Let’s use our data on renters in California to explore this concern.
Regress the indicator for whether the individual has natural-gas heating (i_heat_gas
) on the individual’s income (income_100k
). Interpret the intercept and the coefficient. Then discuss whether the results provide evidence for or against (or neither) the concern that natural-gas bans will disproportionately affect poorer individuals.
[02] (5 points) Does omitted variable bias matter for the regression in [01]? Explain your answer.
[03] (5 points) When I asked ChatGPT about omitted-variable bias, it was concerned about the age of the house. Specifically, it said
Older houses are more likely to use natural gas heating because they were built when natural gas was the most common heating source. If older houses are also more likely to be rented by lower-income individuals (perhaps because they’re cheaper), then housing age is correlated with both income and natural gas heating. If we don’t include housing age in our model, then we may falsely conclude that lower-income individuals are more likely to have natural gas heating, when in reality, it’s because they’re more likely to live in older homes.
Run two regressions and report the results (you don’t need to interpret the estimates):
- Regress the indicator for gas heating on the year the building was built (
year_built
). - Regress the individual’s income on the year the building was built (
year_built
).
[04] (5 points) Based upon the estimates for the regressions in [03], how would omitting building age bias the coefficient estimates in [1]? Explain your answer.
[05] (15 points) Add the indicator for whether the individual is Asian (i_asian
) and its interaction with income to the regression from [1]. Interpret the intercept and all coefficients.
[06] (10 points) Add a new variable to the dataset that equals the sum of the costs of electricity (cost_electricity
) and natural gas (cost_gas
).
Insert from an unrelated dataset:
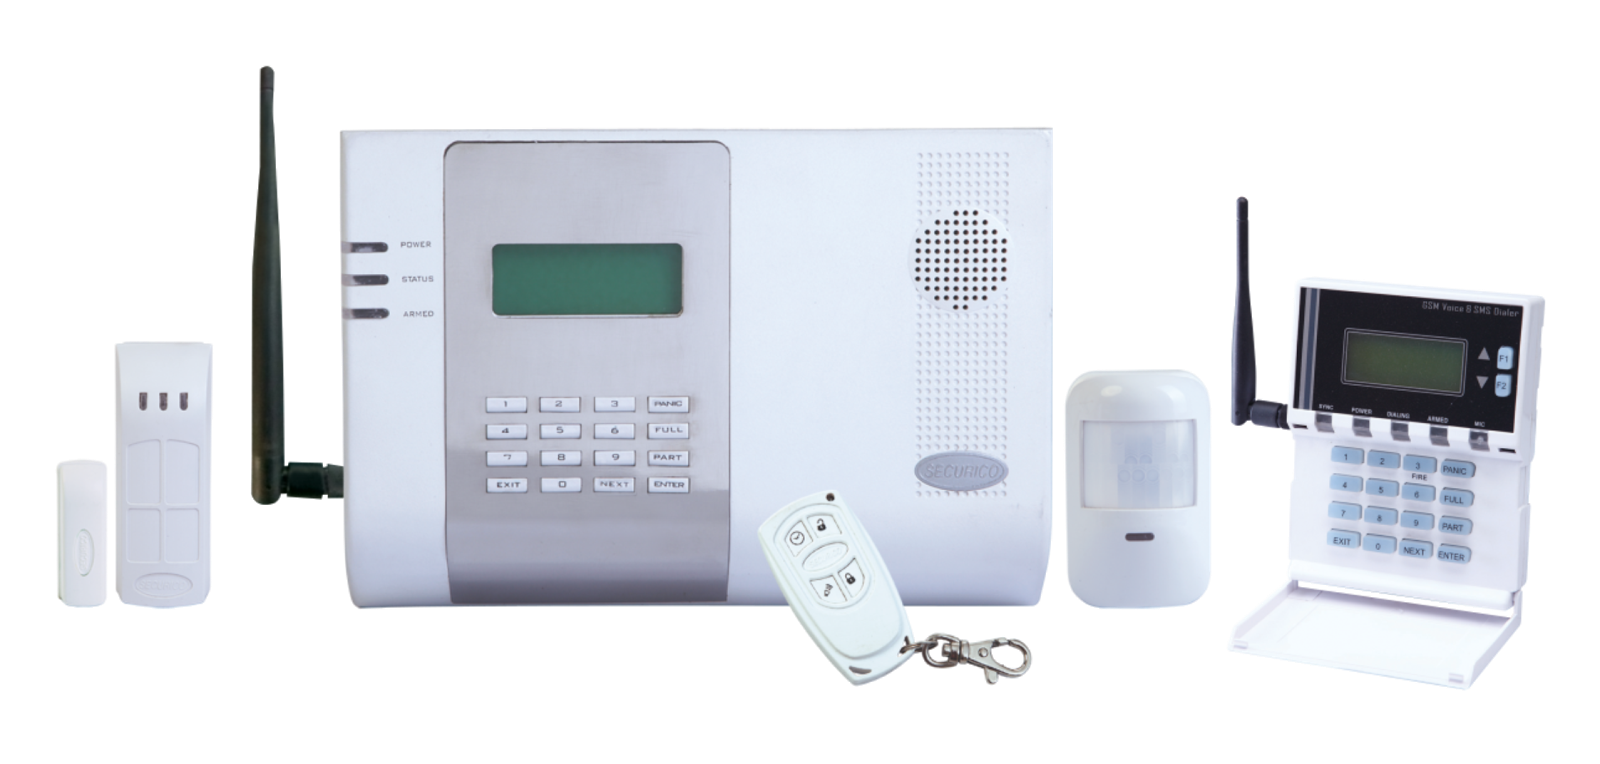 Аларма телефон. Аларм систем сигнализация. Pyronix Wireless Alarm Kit. Сигнализация Alarm cf790t22. Охранный пульт DPC 08.

Call this new variable cost_utilities
. Now regress this new variable (cost_utilities
) on the indicator for whether the individual has natural-gas heating (i_heat_gas
) and income. Interpret the coefficients and discuss whether renters with natural gas heating pay less/more/neither in total utility costs.
[07] (5 points) Based upon your analyses in [01–06], what are your conclusions about the equity concerns about shifting from natural gas to electricity? Are there additional analyses you think should be done before policymakers make big decisions? Explain your answers.